勇磨は、開発室から持ってきた密閉容器を幾つか手渡す。

「そうよ。帰ってきたら、志原も手伝ってよね」
「何でオレが」
「完成すれば、アンタも使うからでしょうが」
「んなモン、勝手に決めるな!」
「何だか良く分からないけど。気をつけてね、御影」
「うん。雛には、お土産買ってきてあげるわ!」
「あ…、うん」

御影は機嫌良くトランクの扉を閉めて乗り込み、出発した。

「あまり遠くへ行くなよ。夕方の渋滞に巻き込まれるぞ」
「大丈夫、二時間位で帰るから。
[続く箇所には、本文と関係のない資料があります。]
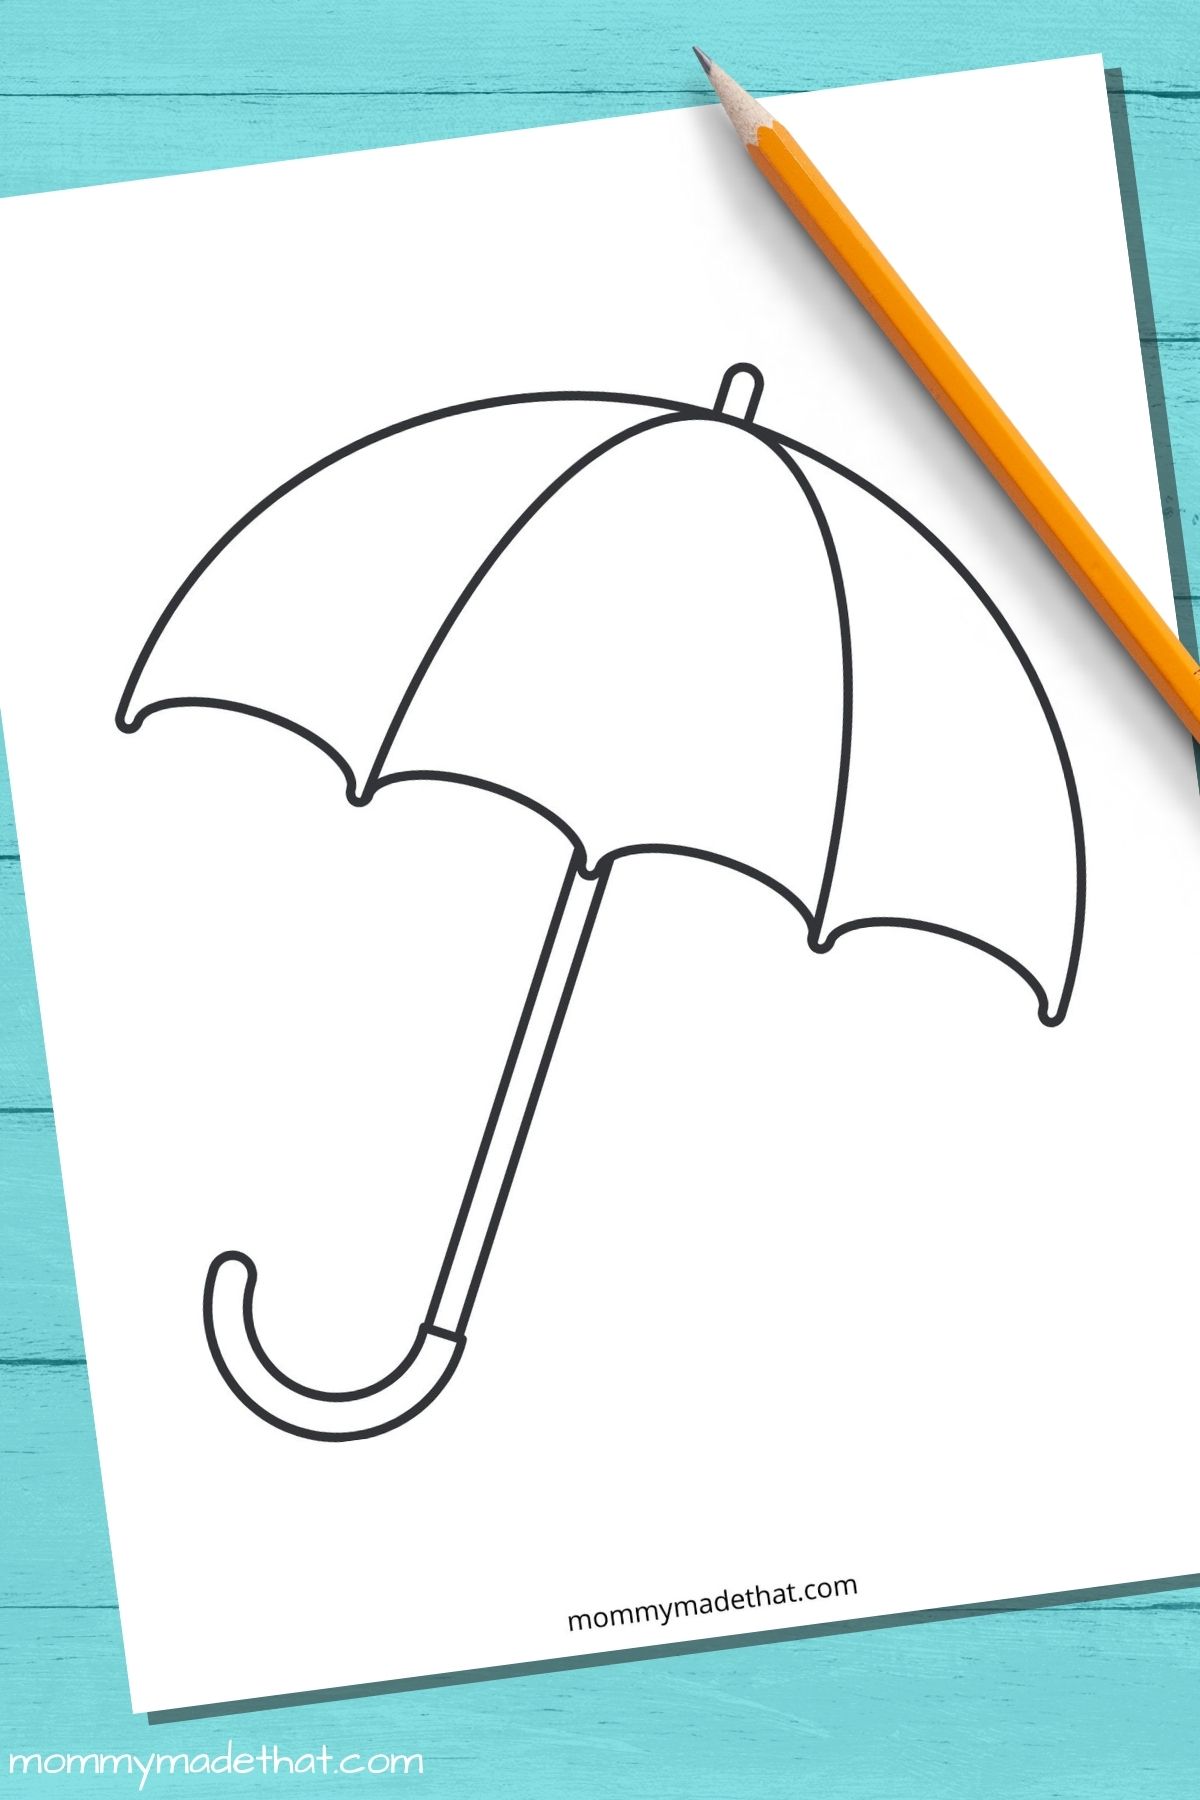 Umbrella template and outlines free printables

じゃ、行ってきまーす!」

勇磨と雛は、ミニパトが正門を走り去るまで見送った。
そして、思わず溜息が漏れる。

「御影、何だか楽しそう」
「羨ましい?」
「ちょっとだけ、ですけど」
「オレは…、後が怖いな」

先に勇磨が外階段を上り、雛も後についていく。

「先刻の話、だけどさ」
「はい?」
「別に蔵間に言われたから、とかじゃないけど。これからは、オレにもタメ口で構わないよ」
「え…」
「苗字じゃなくて、名前呼び捨てで良いから」
「そんな。志原さんの方が──」
「ゆうま」

照れを隠す為、前を向いたままで勇磨が言った。
「二歳も年上なのに」と続く筈だった、雛の声を遮る。

「オレ達はパートナーになったんだ。変な遠慮とかしなくて良いよ」

足を止め、雛に振り向くと不器用な笑顔を作る。
素直に出てこなかったのは、やはり一目惚れ故の弱みか。

「有難う」

雛は優しく微笑んだ。
手を差し出す。

「それじゃ改めて。宜しくね、勇磨」
「こっちこそ…。宜しくな」

赤面を隠して握った手は、柔らかくて小さくて暖かい。
女子の手は、こうも可愛げなものだったか。

「あ。私の事も、タメ口の呼び捨てで良いから!」
「お…おう」

すぐには名を呼べない勇磨であった。